Cocaine hydrochloride — the white, fluffy stuff we see in the American Made trailer — is a different story. It’s soluble in water, and because of that can be absorbed on mucus membranes on the gums, inside the nose, and the back of the throat. It can also be absorbed rectally or vaginally, if you’re so inclined.

But it would be very hard to absorb cocaine through the skin, which is why being covered in it wouldn’t come with crazy repercussions.

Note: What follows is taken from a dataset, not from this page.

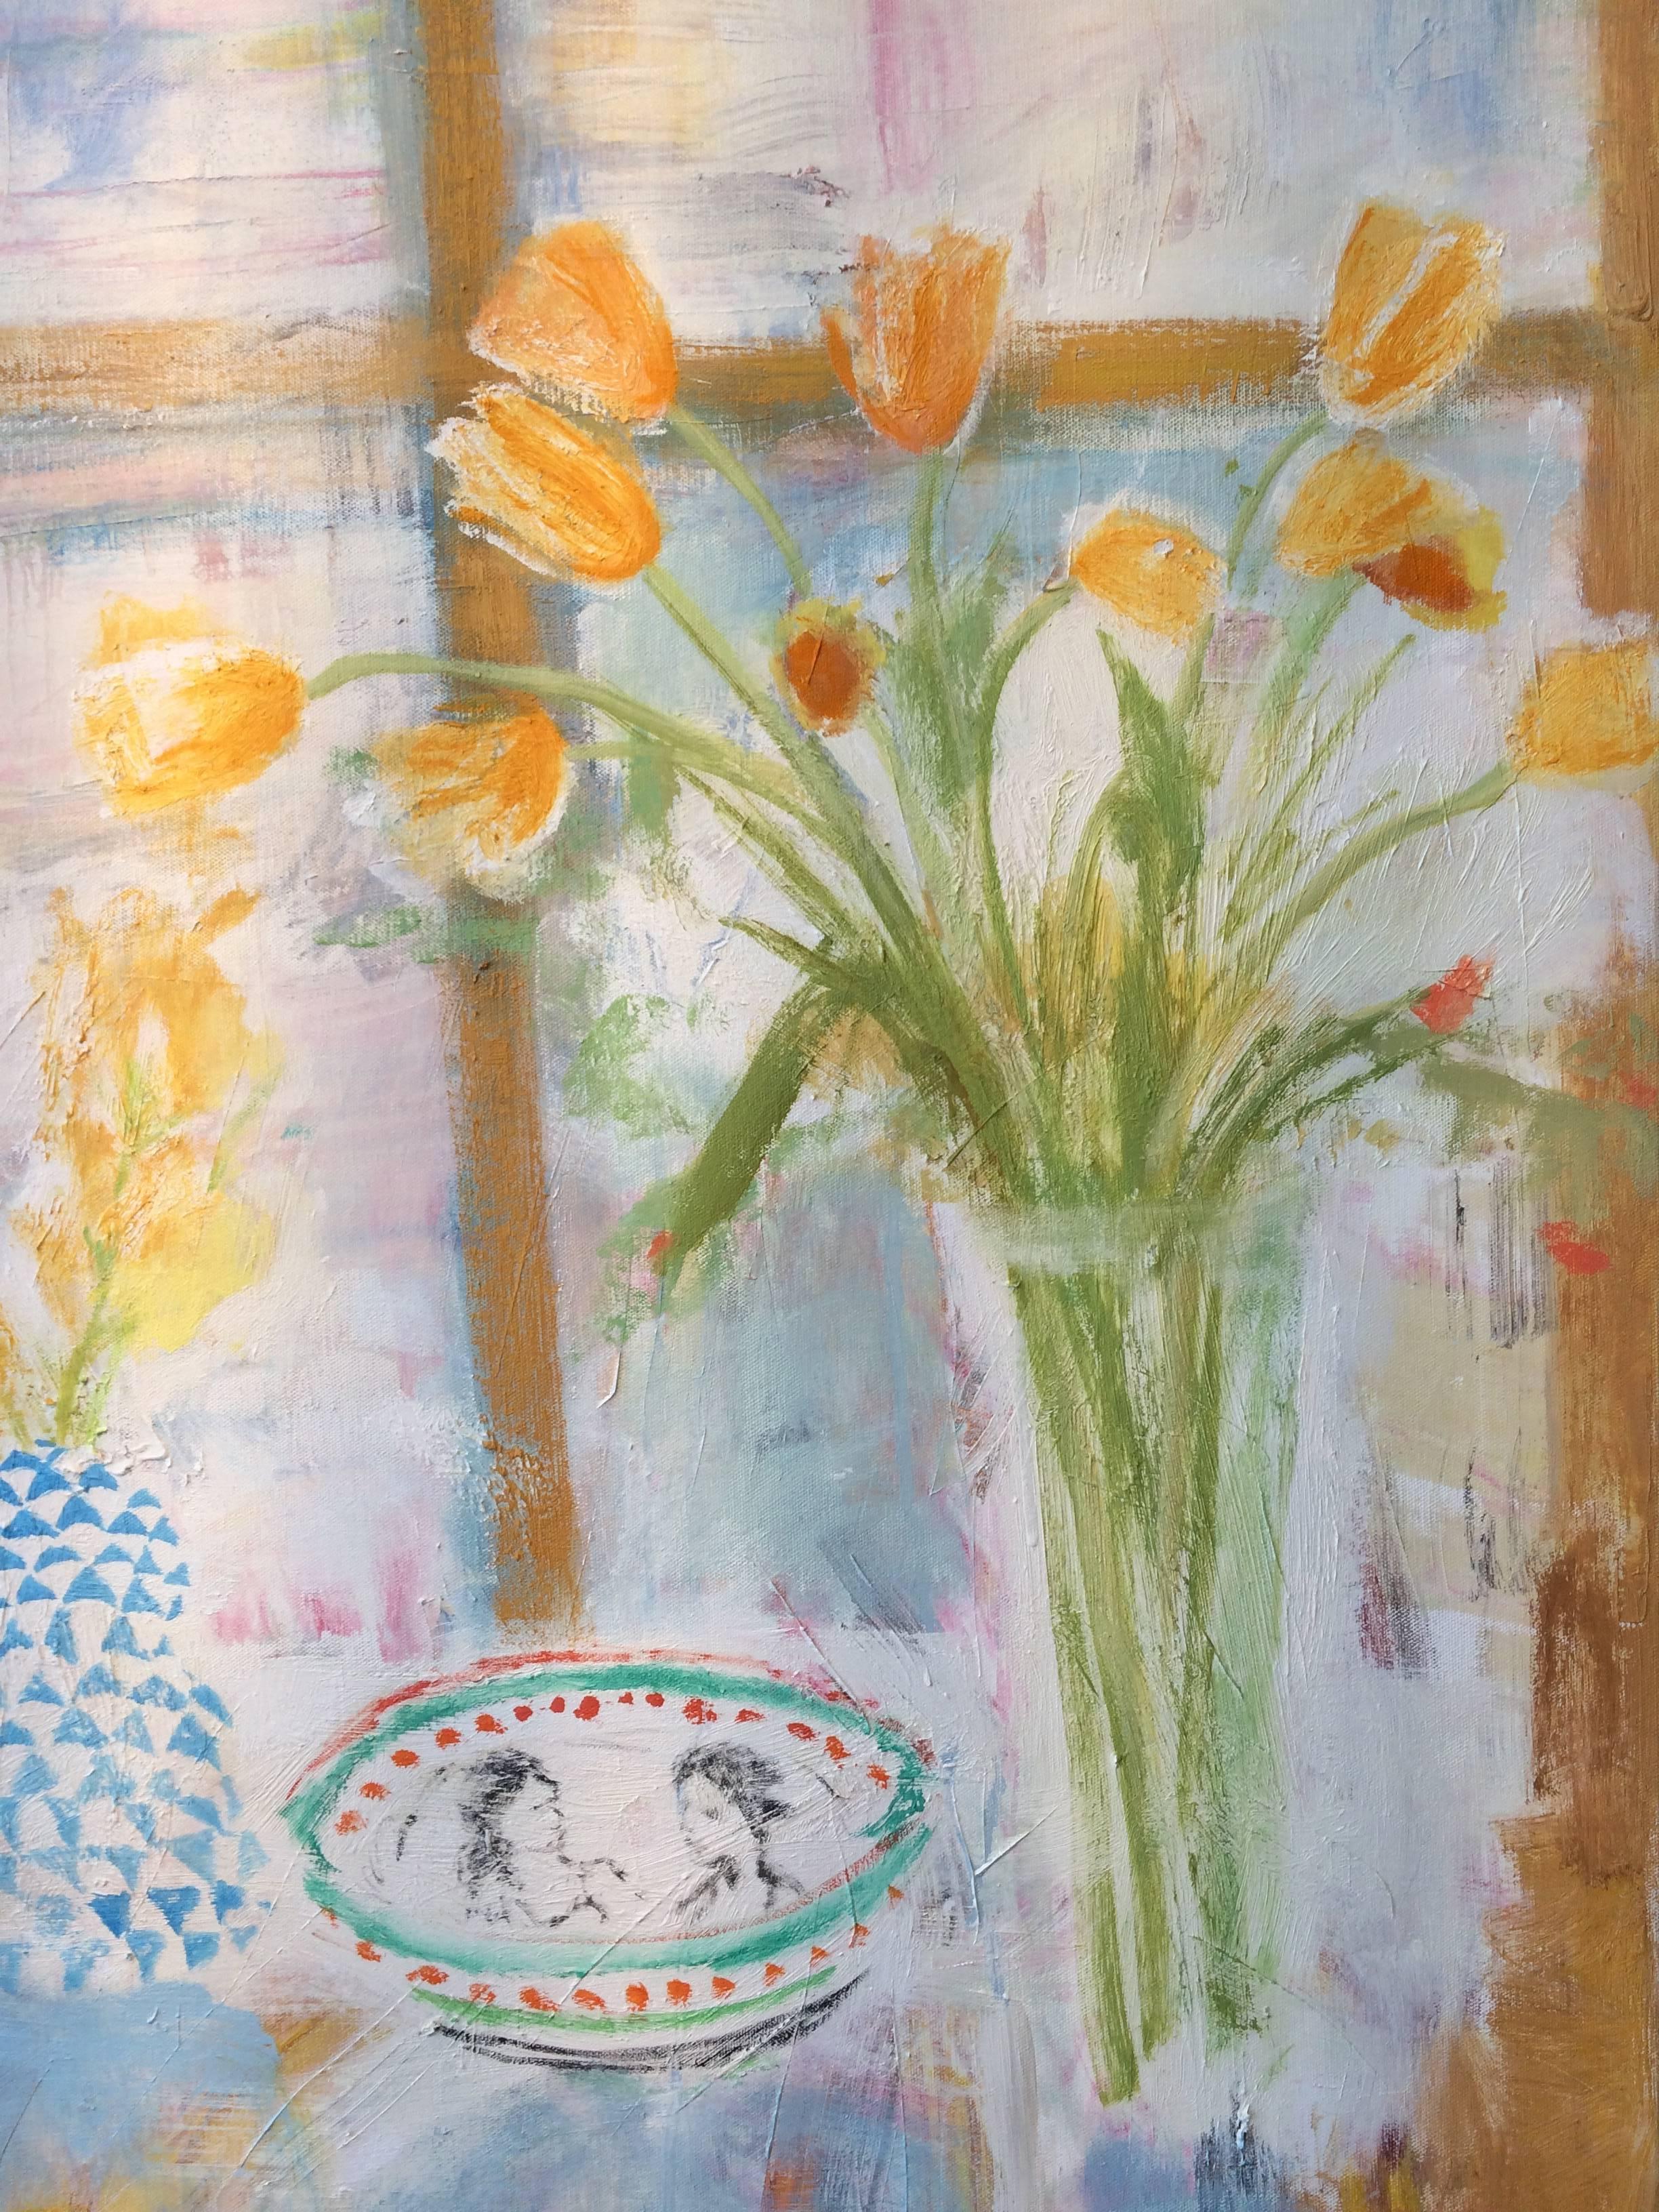 Paule's Table, Yellow Tulips, Orange Gladiolas, Fruit, Window, Blue Dining Room For Sale 1

“What I can tell you is that about one percent of free-base cocaine is absorbed through the skin, but slowly, over many hours,” Dr. Peter Morgan, an associate professor of psychiatry at Yale University, explains to Inverse. “Powder cocaine is absorbed to a lesser degree, perhaps around a quarter of a percent of the total dose applied, and also very slowly. Because the absorption is so slow, the effects would be minimal unless the total dose that was applied to the skin was very, very large. One would also have to consider that just covering someone doesn’t mean all of the drug is touching the skin and will be absorbed — only the layer touching the skin will be absorbed, and most of the rest will probably fall off.”

Kauer also points out there are about six layers of cells covering every surface of the outer skin. These are pretty impermeable to most things, which is why most drugs don’t cross through the skin, save for something like a nicotine patch. Someone’s sweatiness wouldn’t make a difference, either — those glands don’t go to a place that would enable the cocaine to get you high.

What would happen if your skin encountered cocaine is that the cocaine would be hard to get off. Kauer says other scientists have found that cocaine makes bonds with the skin, and that even after scrubbing and washing, remnants still sometimes stick. It’s not getting into the body and it’s not getting someone high, but this stickiness does explain why covering actors in fake cocaine comes off as realistic.

Look, it happened in Search Party.

Thomas Middleditch, also in movie cocaine.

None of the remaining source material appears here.